**WHAT THE TASK REQUIRES:**
Pull out every line from the line containing "Unit #2: The" through the end of the material, both ends included, and reproduce it exactly. Keep pictures out.

**RECORDED INFORMATION:**
==============================

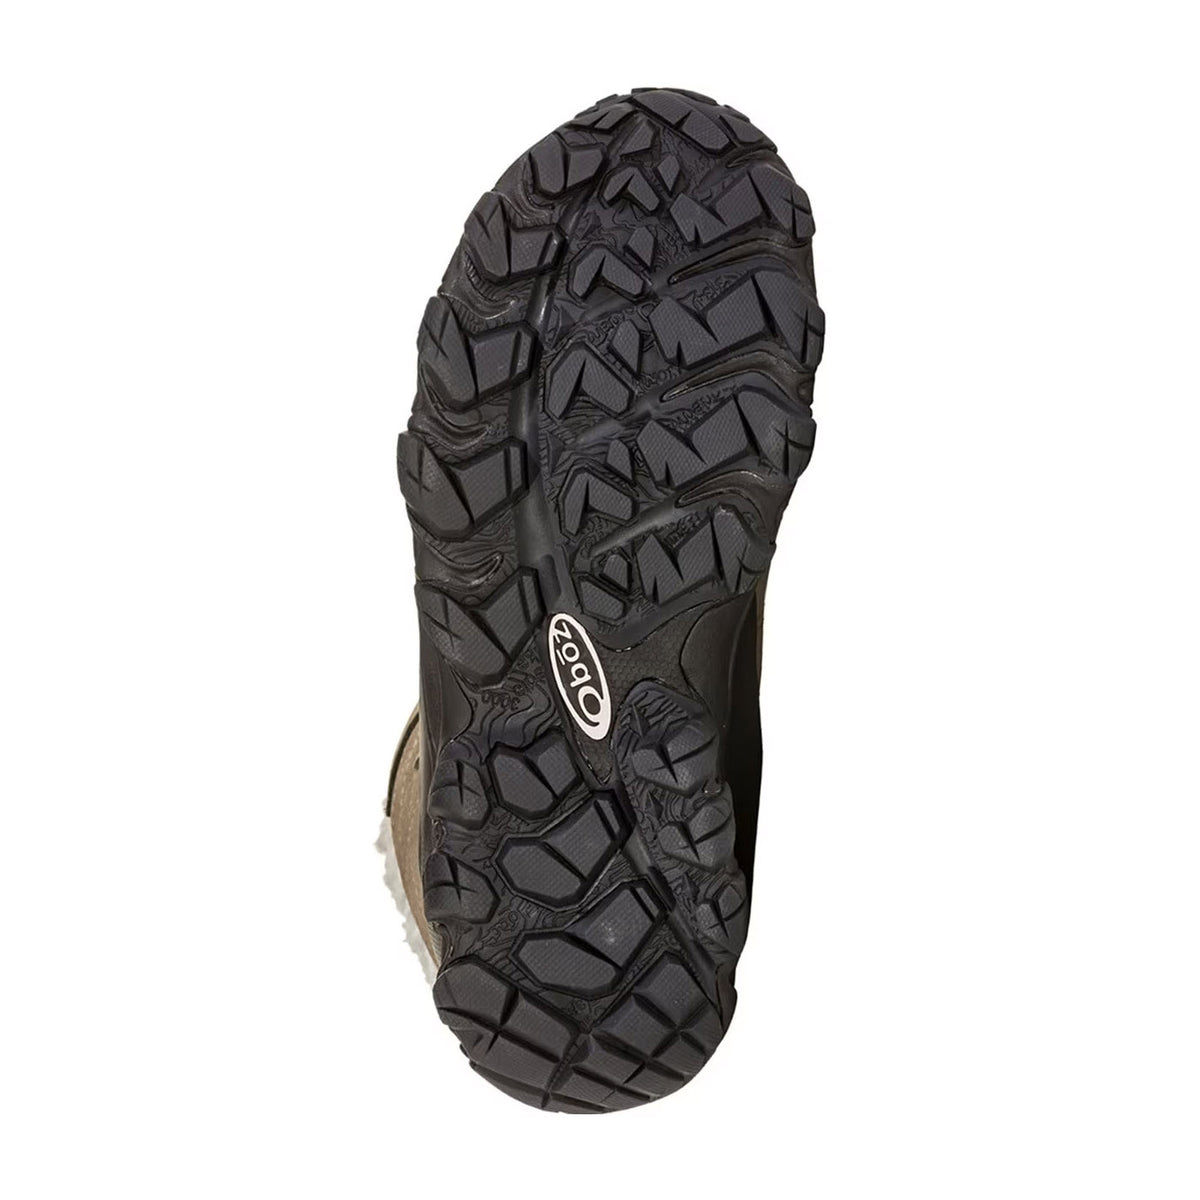 OBOZ BRIDGER 9&#39; INSULATED BDRY BRINDLE - WOMENS
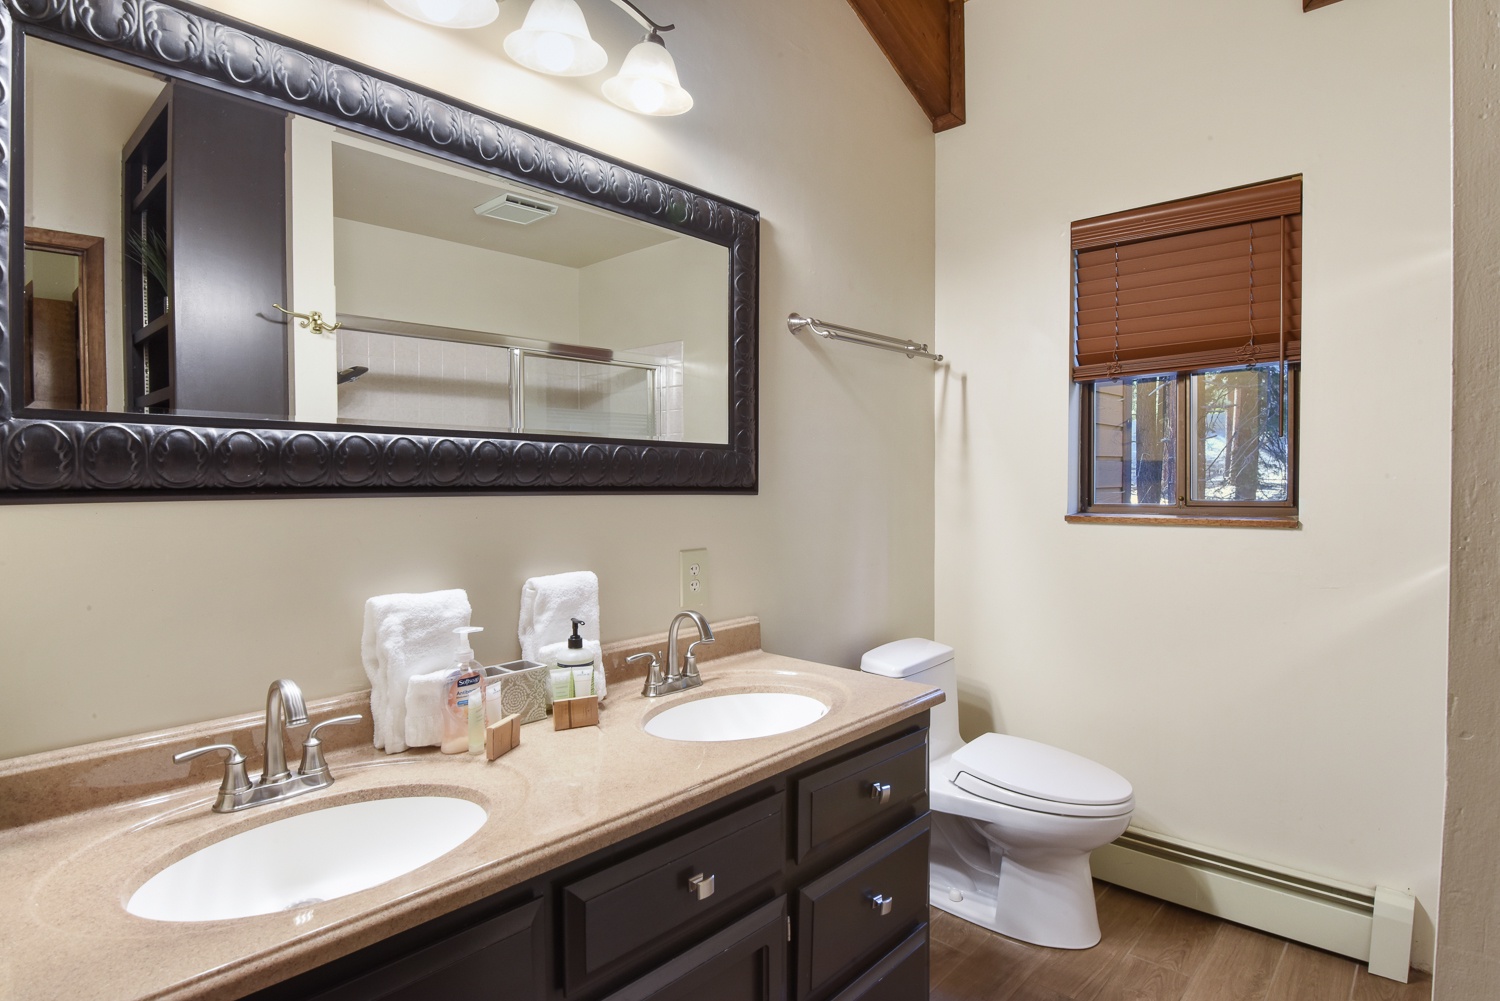 Unit #2: The 3rd level bathroom offers a spacious double vanity & shower/tub combo
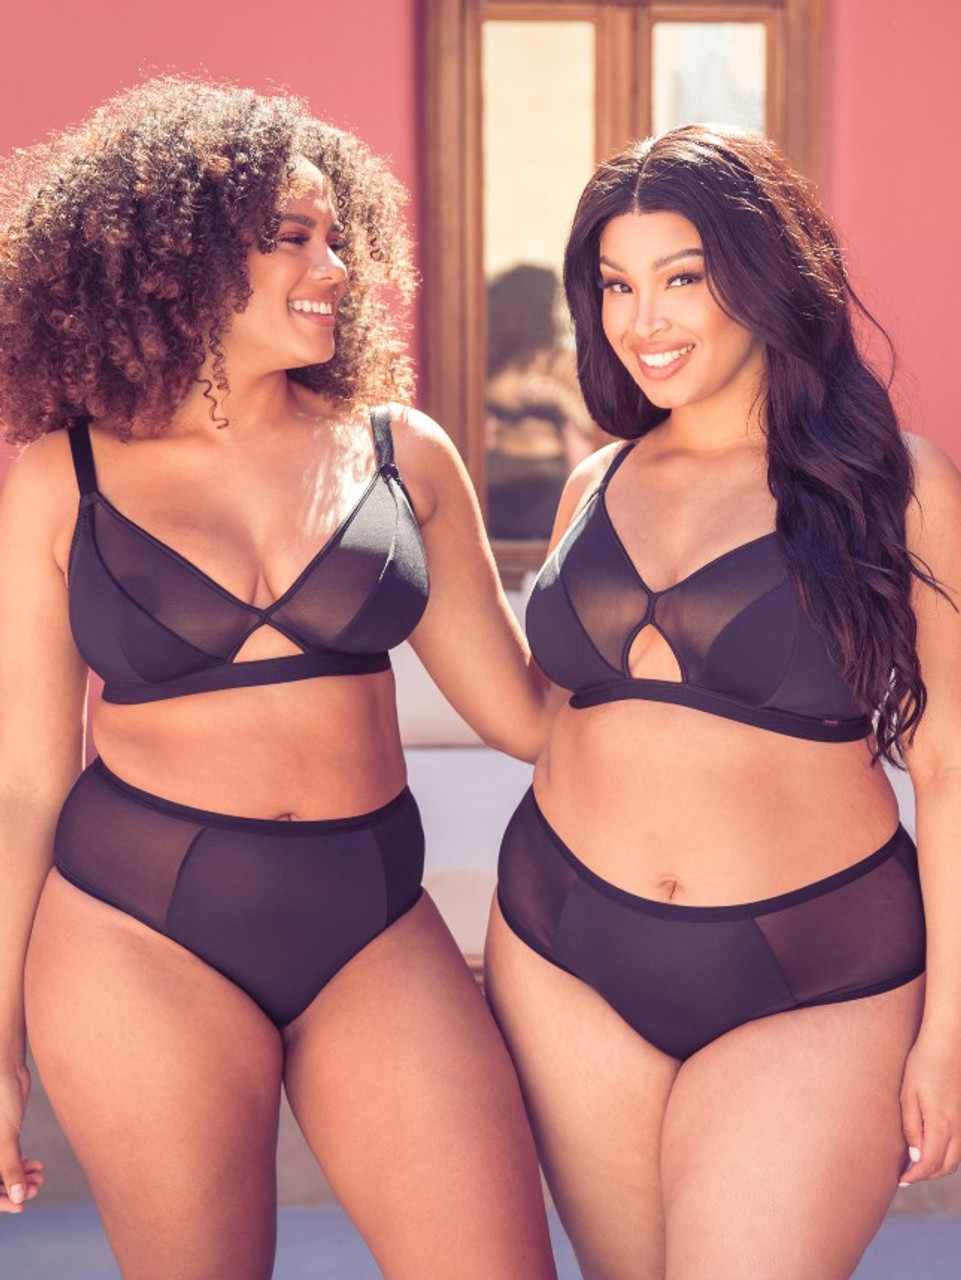 Curvy Kate Everyday Get Up & Chill Bralette - Black
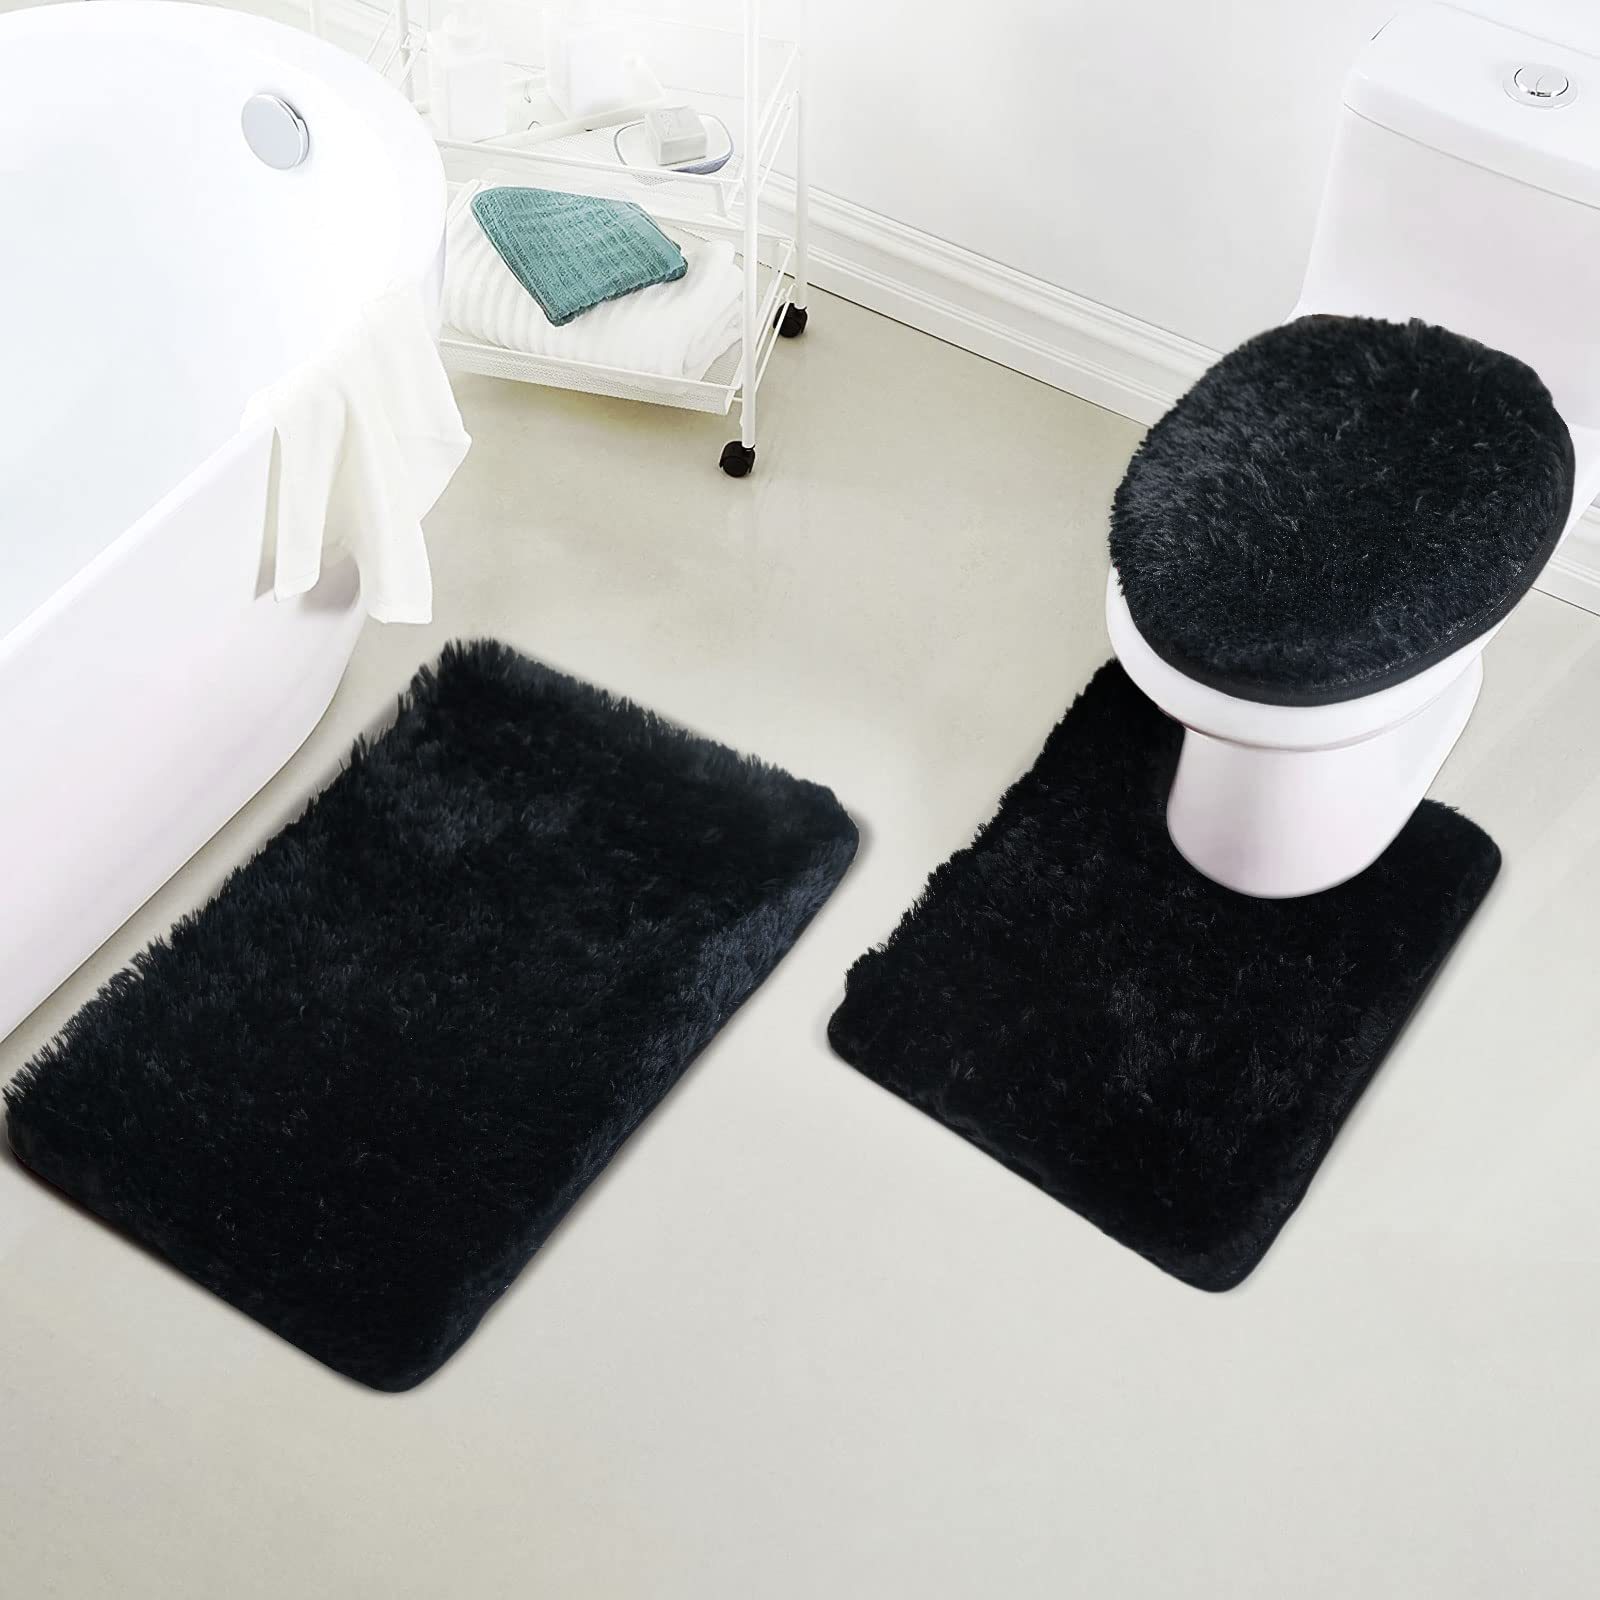 Montgomery 3 Piece Water Absorbent Bath Rug Contour Rug Lid Cover

==============================

**TASK RESULT:**
 Unit #2: The 3rd level bathroom offers a spacious double vanity & shower/tub combo
 Curvy Kate Everyday Get Up & Chill Bralette - Black
 Montgomery 3 Piece Water Absorbent Bath Rug Contour Rug Lid Cover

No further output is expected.